Now, after five years of work, researchers at Massachusetts Institute of Technology say they have one. Called Nanoruler, it is a machine that should help engineers pack more transistors into circuits, and more circuits onto silicon wafers, the plate-size disks that get chopped up into chips. The device can blanket the entire surface of today's biggest wafers with parallel lines just a few hundred nanometers apart. (A human hair is roughly 90,000 nm across.) The position of each line is accurate to 1 nm -- so precise, it's like hitting a nickel-size target in San Francisco from Manhattan. Mark Schattenburg, director of MIT's Space Nanotechnology Laboratory, says the high-tech ruler should be commercially available in 2005. Researchers in Israel believe they have hit on a solution to prevent many of the strokes caused by embolisms. By surgically inserting what look like miniature wire sieves into arteries at both sides of the neck, they can reroute potentially fatal clots away from the brain and over to the face without interrupting blood flow. The face has a rich blood supply, so blockages there are far less damaging than those that might obstruct the flow of oxygen to the brain.

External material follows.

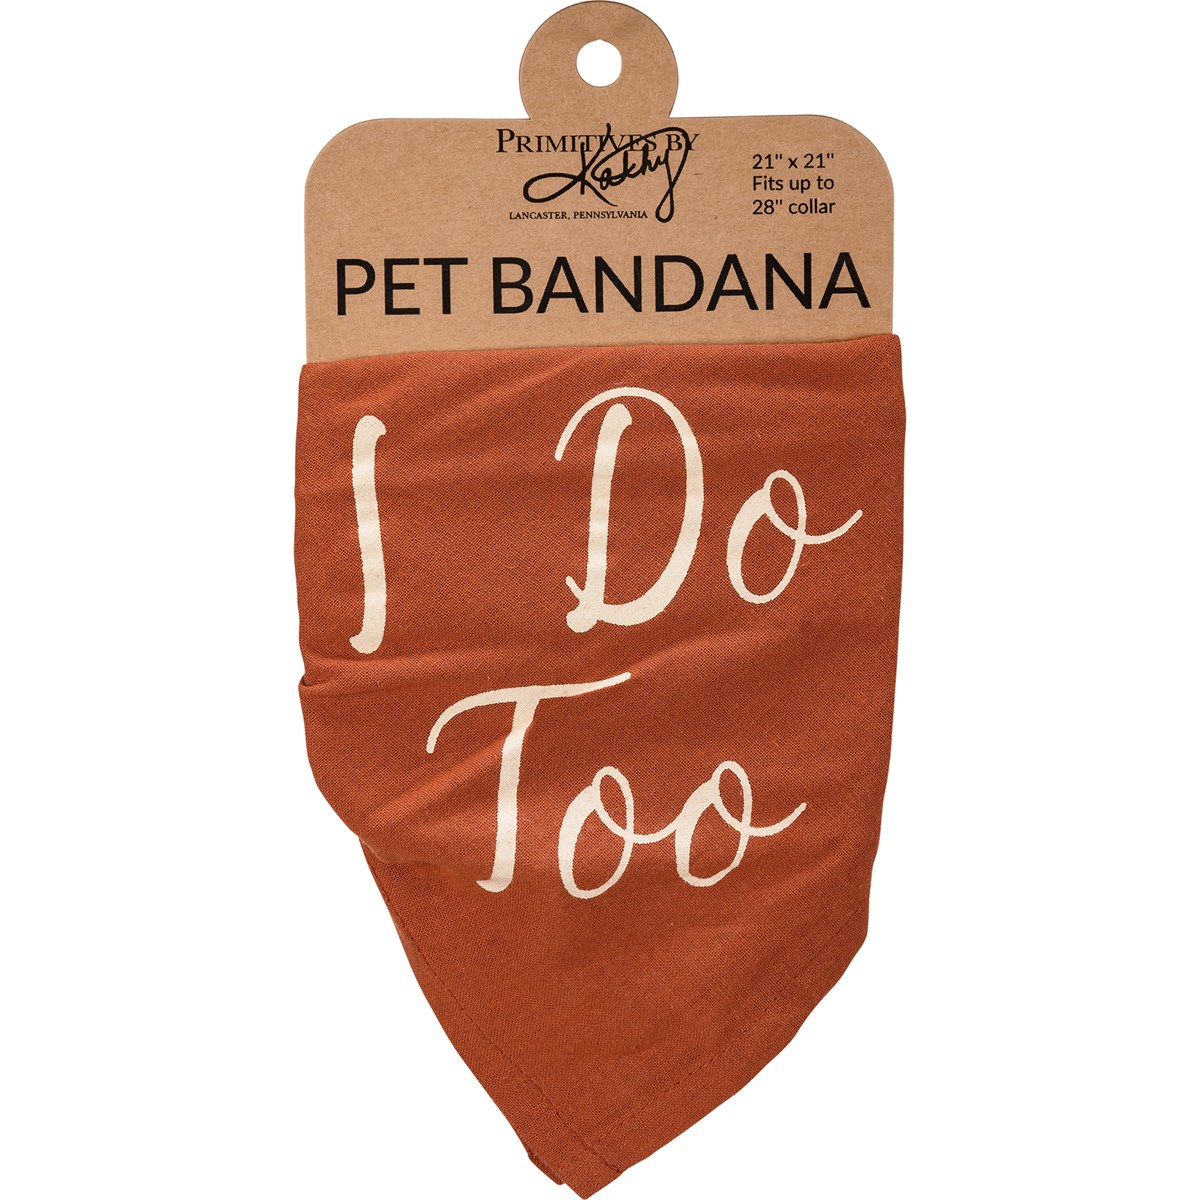 Pet Bandana Lg - I Do Too - 21" x 21" - Cotton

MindGuard Medical Devices developed the so-called Diverter as an alternative to risky blood-thinning drugs. The company, based in Caesarea Industrial Park, just south of Haifa, claims it has the potential to lower by 40% the incidence of strokes -- the No.3 cause of death in the U.S. The devices have already been implanted in one high-risk patient in Germany, and clinical trials are under way in both Germany and Italy. MindGuard founder and Chief Marketing Officer Dr. Ofer Yodfat intends to market the Diverter in Europe within two years. The company is uncertain when it will be ready to meet tougher U.S. standards. -- Since it can be made from corn and burns cleanly, ethanol is nothing short of a miracle fuel to devotees. But critics argue that if you tally up all the subsidies and farm inputs that go into the crop, making ethanol is like pouring money down a hole. This debate is likely to heat up, now that scientists at the University of Minnesota have shown that ethanol could be a reliable source of hydrogen for fuel cells, the electrochemical reactors that may someday power a much-heralded Hydrogen Economy. Published in Science, their results show that a fine mist of water and ethanol can be catalyzed into hydrogen and carbon dioxide, harnessing the ethanol with 60% energy efficiency, triple the rate of burning ethanol as an additive in gasoline.

-- Genetic studies make it possible to predict what illness is likely to kill you. Now, you can add divorce to the list of future miseries foretold. By studying the way couples interact, a team of mathematicians and a psychologist at the University of Washington have developed a computer model that factors in behaviors and stress indicators to predict, with 94% accuracy, who's likely to split up.